親王

親王について

【表記】 親王
【読み】 しんのう(みこ)

親王とは

天皇の兄弟や、天皇の皇子に与えられる称号のこと。

『大宝律令(大宝令)』の「継嗣令」によって初めて規定される。なお、天皇の姉妹、天皇の皇女の場合も、親王に准じた。ただし、女性に関しては「内親王」と呼称された。

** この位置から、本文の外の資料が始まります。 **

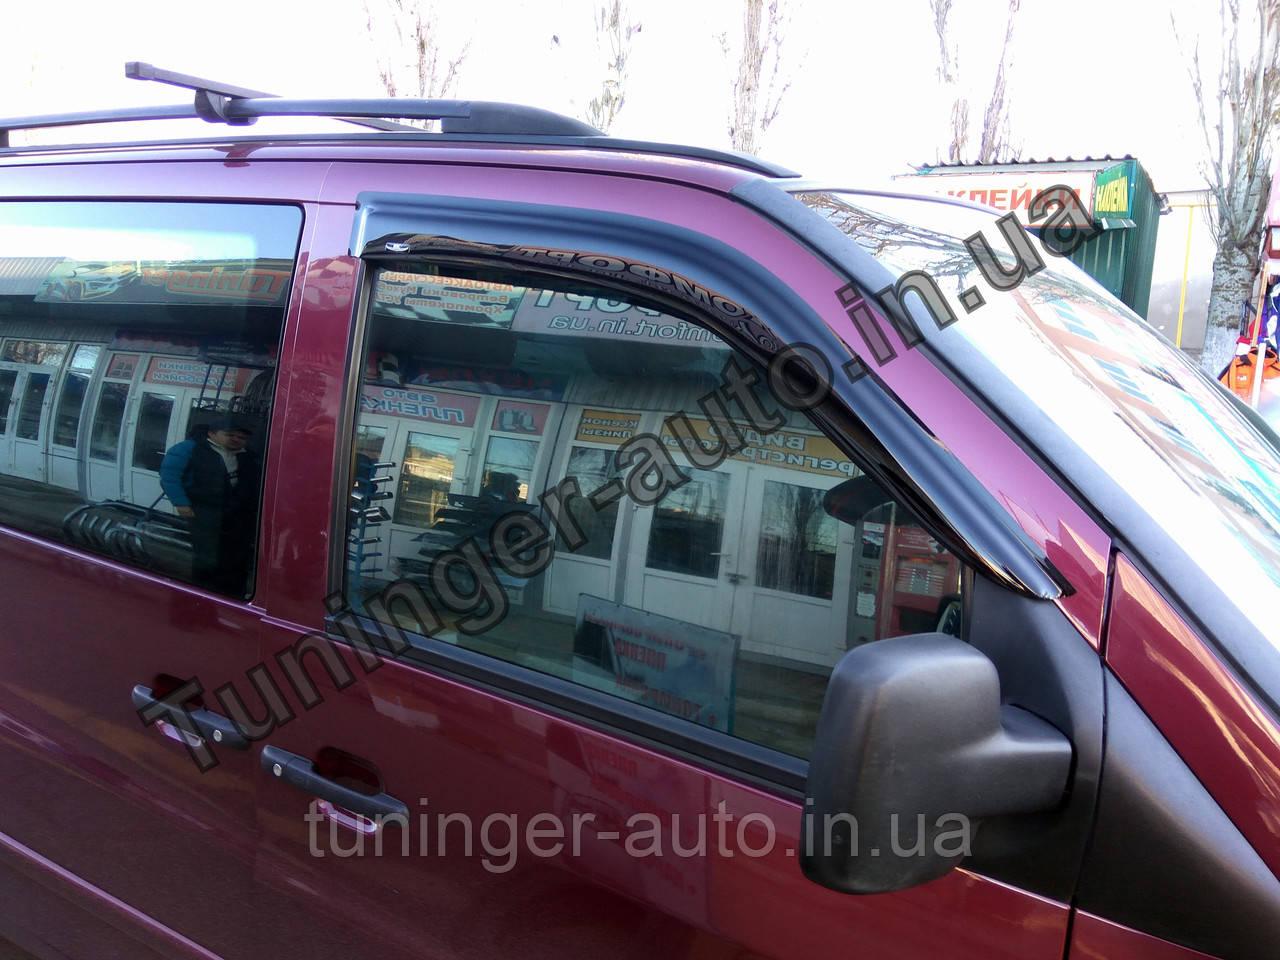 Ветровики, дефлекторы окон Mercedes Vito W638 1995-2003 (Hic)

「親王」の語が初めて使われたのは、記録上は、天武天皇4(675)年の詔勅内においてであるが、当時の天皇の子供たちの表記は「皇子」「皇女」のままであり、『大宝律令(大宝令)』の制定によって確立された。

親王の位階

「官位令」では、親王には一品から四品の位階が授位されることになっている。

ただ、これらの位階を受けない場合もあった。親王は、皇族の中でも破格の待遇を受け、儀礼的であっても、その地位は大臣と並ぶものとされ、諸王、諸臣とは一線を画している。

親王の官職

官職も正四位までの官職であれば、皇太子傅以外の官職への就任を可能とされた。

ただ、実際には、平安時代以後、大宰帥と八省卿(八省の長官)に任じられることが慣例となり、実務的なものではなかった。

奈良時代の親王

奈良時代中期以後、「親王宣下」が執行されるようになり、皇子・皇女らが、親王となるには、親王・内親王として特定される必要が生じた。宣下を受けない場合は、王・女王とされた。

平安時代以降の親王

平安時代になると、親王の対象は皇孫まで拡大し、鎌倉時代には、親王家による親王の代々世襲等が行なわれる。ただし、皇孫以下が親王になるには、天皇または上皇の猶子、養子となることが条件となっている。

近代の親王

明治維新以降の近代になると、親王、内親王に関しては、明治22(1889)年の『皇室典範』、昭和22(1947)年の『皇室典範』によって、規定されている。

親王の年表

<天武天皇4(675)年>
2月15日、天武天皇の詔勅の中に「親王」の語が初めて使われる。

<大宝元(701)年>
6月8日、『大宝律令』施行。

<天平宝字3(759)年>
6月16日、淳仁天皇、兄弟姉妹に対して史上初の親王宣下を行なう。